You need to suppress PCI-E Errors on Threadripper as the upstream kernel is still in the early stages of solving Threadripper issues with PCI-E. You need to update your AGESA to solve SOME of the issues with that.

Threadripper & PCIe Bus Errors Linux

Having lots of fun with Threadripper the last few weeks. I haven’t seen much traffic on this, so I’m making a post here in hopes that people searching for it will find this thread on the Level1 forum. I intend to link to other places on the internet where people might be discussing and/or resolving this issue. This seems really similar to a problem that Intel’s X99 had on launch that was fixed with a later software update. PCIe Bus errors occur in certain circumstances (“by default”) on popular distros such as Fedora and Ubuntu. I have tested as far as 4.13-git and the errors still occur. As I mentioned on my VFIO live stream the other day, you can mitigate the issue by disabling message signaled interrupts and/or memory mapped IO. I’ve had some conflicting reports that disabling mmio also disables msi, but I’m not too sure about that because of what I’m seeing in load testing. Here are the errors Threadripper users are seeing: [ 641.339624] dpc 0000:00:01.1:pcie010: DPC containment event, status:0x1f00 source:0x0000 [ 641.339641] pcieport 0000:00:01.1: AER: Corrected error received: id=0000 [ 641.339646] pcieport 0000:00:01.1: PCIe Bus Error: severity=Corrected, type=Data Link Layer, id=0009(Receiver ID) [ 641.339649] pcieport 0000:00:01.1: device [1022:1453] error status/mask=00000040/00006000 [ 641.339652] pcieport 0000:00:01.1: [ 6] Bad TLP [ 643.385764] dpc 0000:00:01.1:pcie010: DPC containment event, status:0x1f00 source:0x0000 [ 643.385783] pcieport 0000:00:01.1: AER: Corrected error received: id=0000 [ 643.385787] pcieport 0000:00:01.1: PCIe Bus Error: severity=Corrected, type=Data Link Layer, id=0009(Receiver ID) [ 643.385791] pcieport 0000:00:01.1: device [1022:1453] error status/mask=00000040/00006000 [ 643.385794] pcieport 0000:00:01.1: [ 6] Bad TLP [ 648.193351] dpc 0000:00:01.1:pcie010: DPC containment event, status:0x1f00 source:0x0000 [ 648.193372] pcieport 0000:00:01.1: AER: Multiple Corrected…

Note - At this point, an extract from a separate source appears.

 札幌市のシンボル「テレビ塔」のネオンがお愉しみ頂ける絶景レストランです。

Elitist-Neckbeard · July 13, 2018, 9:20pm

I did have those errors, and following derpology’s advice solved them for now. The alternative to turning pcie_aspm off is dissabling pcie error messages, which doesn’t seem to solve the problem more than covering it up.

I had that issue Wendell mentioned all the time before I set that kernel argument. This amd_iommu_unmap problem I’m having only occurs when I shutdown the virtual machine.

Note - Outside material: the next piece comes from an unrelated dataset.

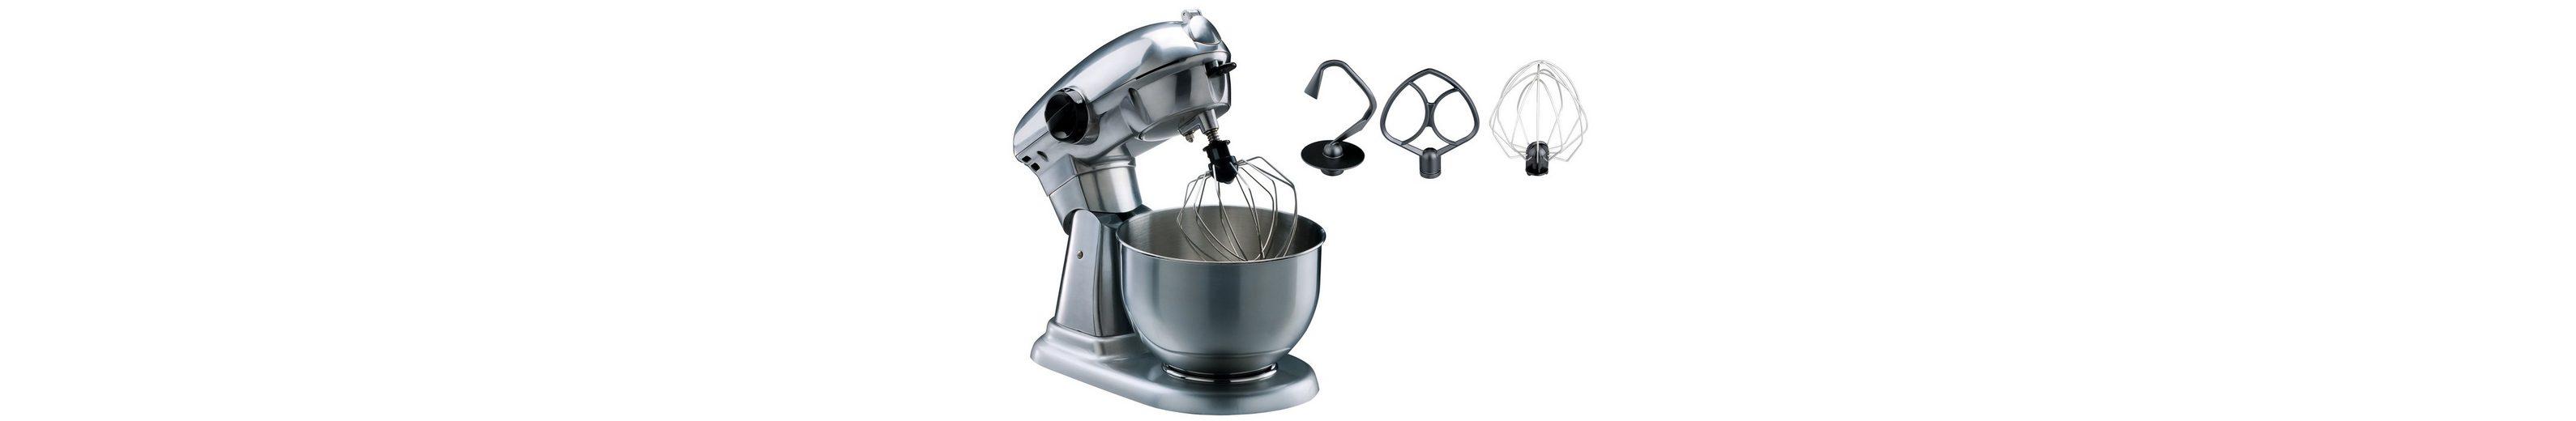 Gastroback Küchenmaschine »Advanced« 40969, 800 Watt

It seems like the Threadripper, x399, and Vega each have a variety of unrelated problems.

elixir77 · December 14, 2018, 4:19pm

Sorry, very dumb question here, but where in the XML is this added and does is need to point directly to the GPU with the domain, bus, and slot? Or does this not matter and the VM will figure it out itself?